Colin Crouch / Neden bir post-demokrasi'de yaşamaktayız?


Bir kitle demokrasisi sadece, her zaman belli partileri seçen temel seçmen gruplarının olduğu ve en önemli sorunların bu demokrasi platformunda çözülebildiği bir atmosferde işler. Günümüzde bu iki koşul da ortadan kalkmak üzere. Partiler arasında sahici farkları bulmak, giderek zorlaşıyor ve milli/ulusal (national) platform -yani demokrasinin temel platformu- önemini yitiriyor.

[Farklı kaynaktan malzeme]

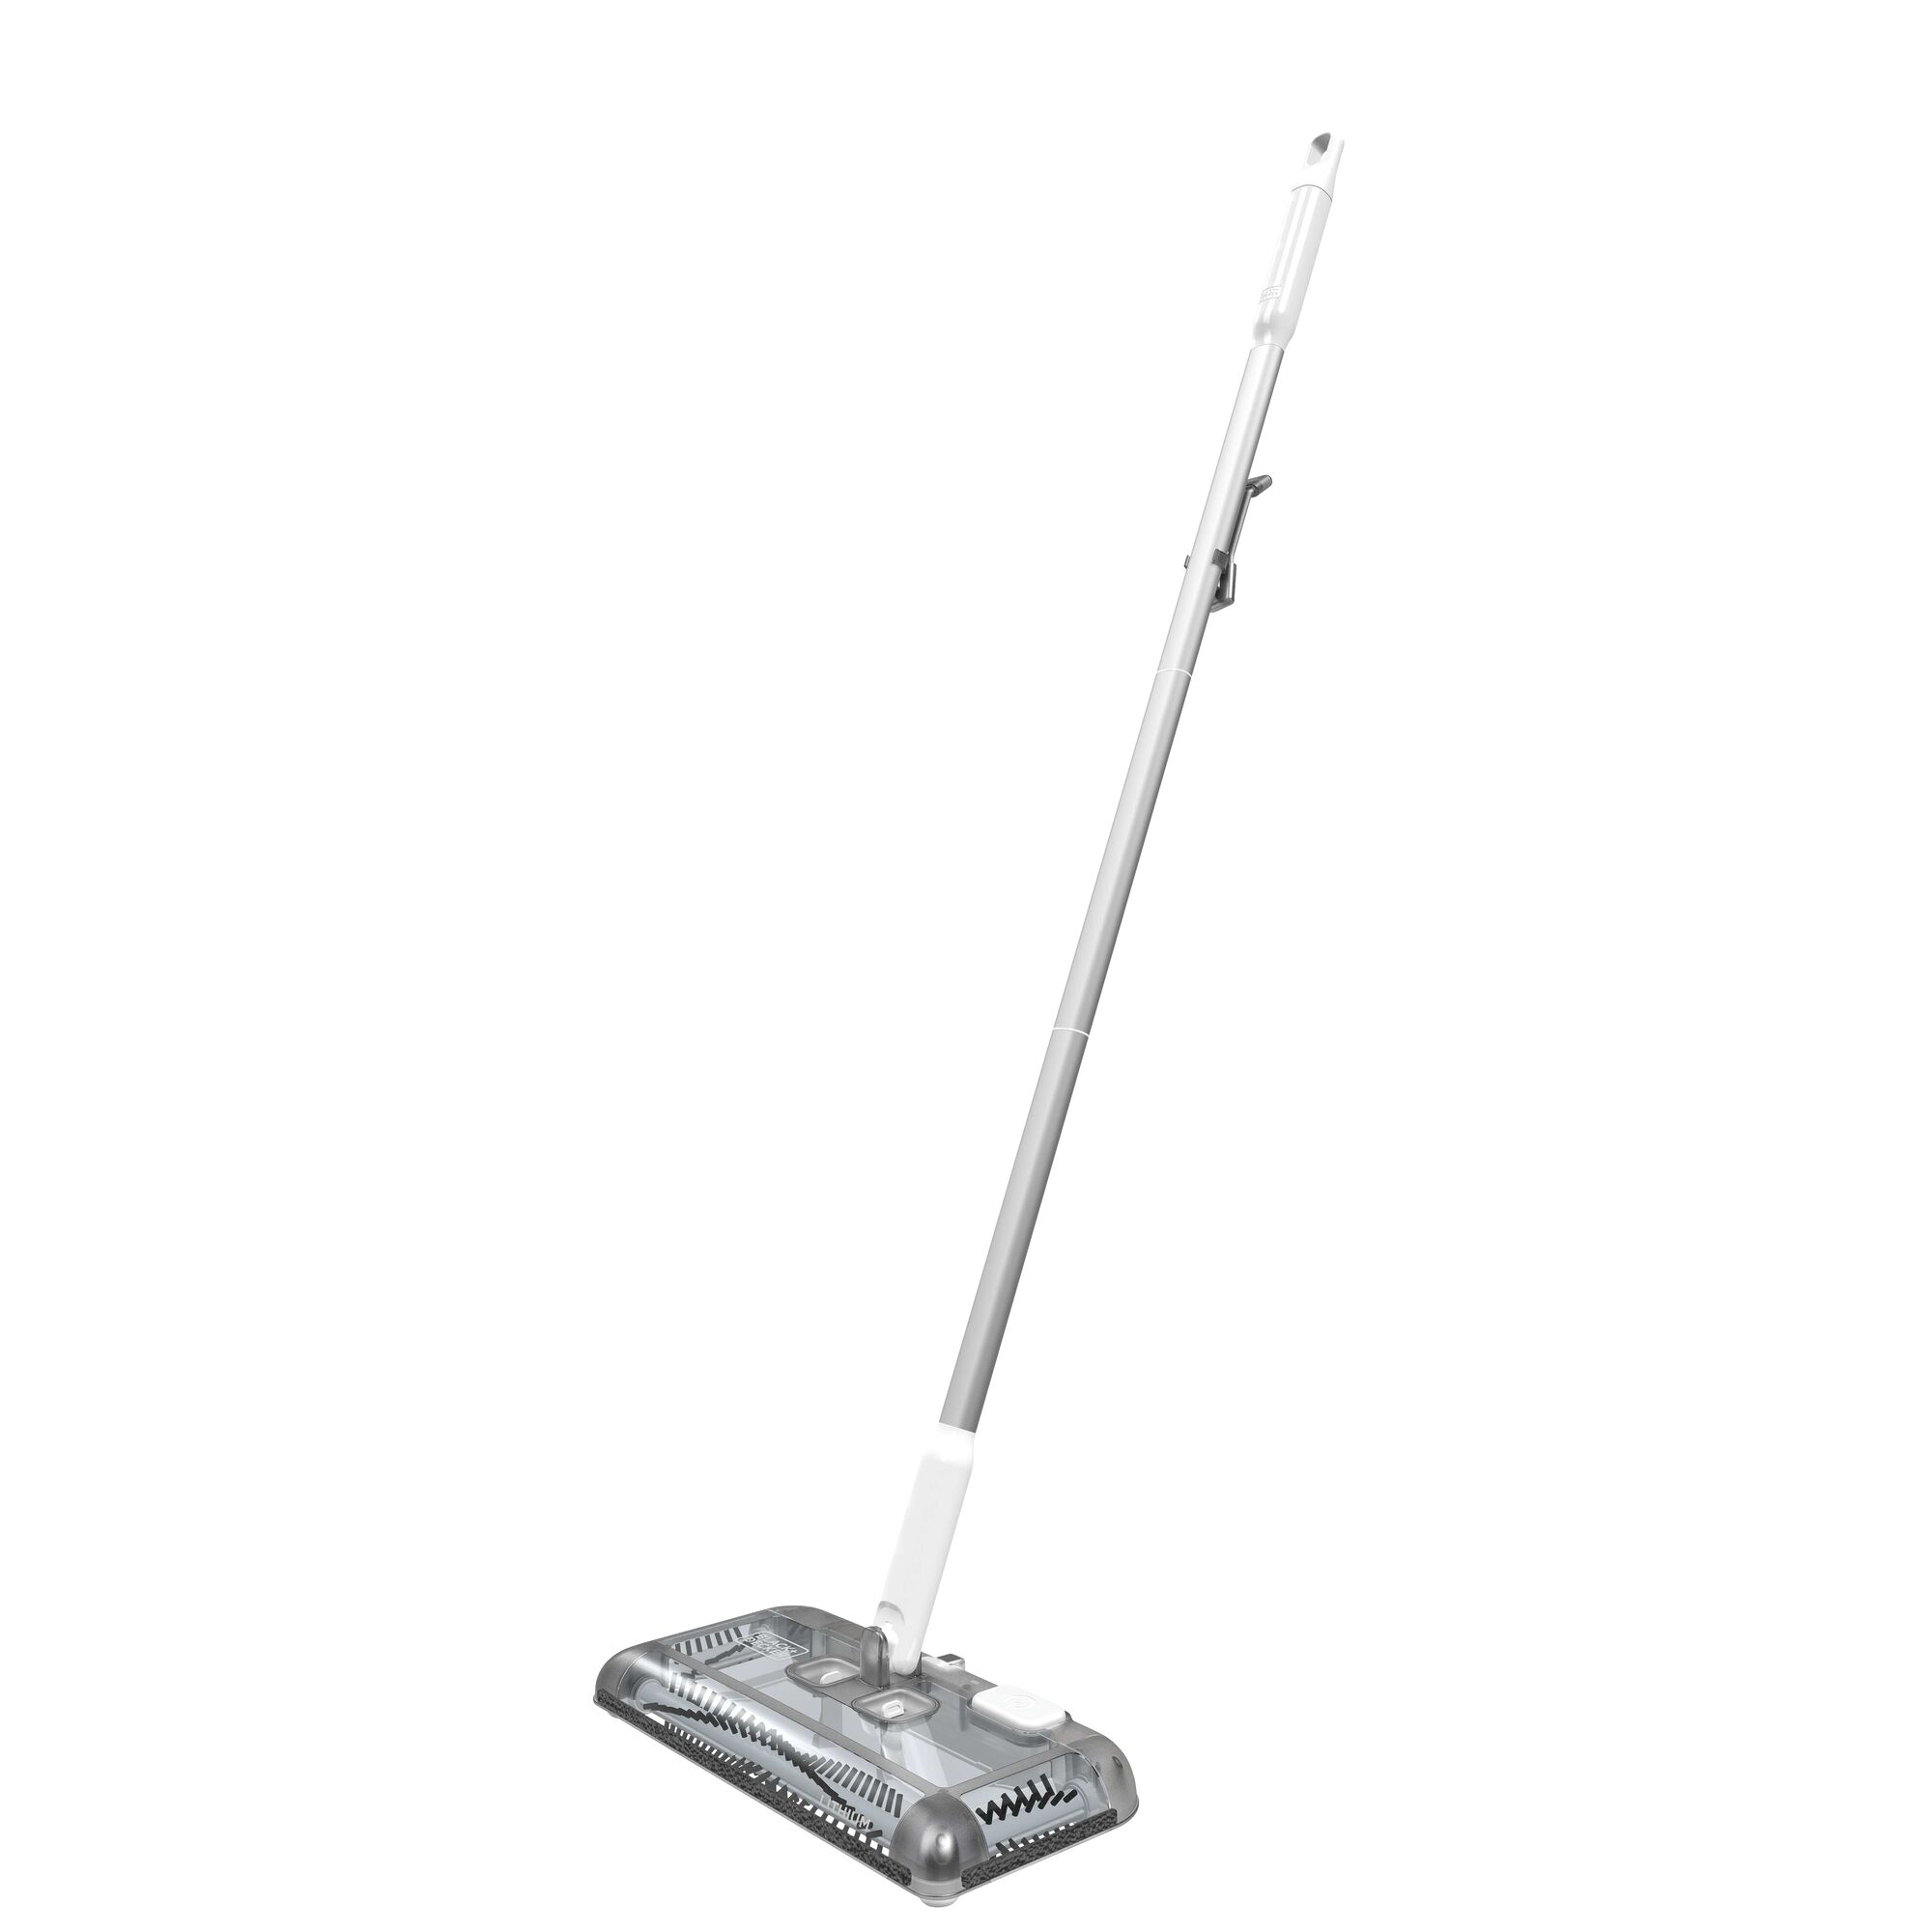 Profile of 50 minutes powered floor sweeper.

20'inci Yüzyılda kitle demokrasilerilerinin ortaya çıkmasını sağlayan sosyal zümreler, günümüzün gelişmiş ülkelerinde anlamlarını yitirdiler. Bu da, post-endüstriyel toplumlardaki yeni alt ve orta tabakaların henüz kendilerine özgü siyasi kanallar ve kurumlar olşturmamış olduklarını gösteriyor. Partiler, fark gözetmeksizin bütün potansiyel seçmenleri temsil etmeye çalışıyorlar. İdeolojik ve sınıfsal çıkarlarla ilgili farklılıklar asgariye indirgeniyor ve seçim propagandaları, rakiplerinden daha becerikli olduğunu iddia eden parti önderlerinin kişisel özellikleri bazında yürütülüyor.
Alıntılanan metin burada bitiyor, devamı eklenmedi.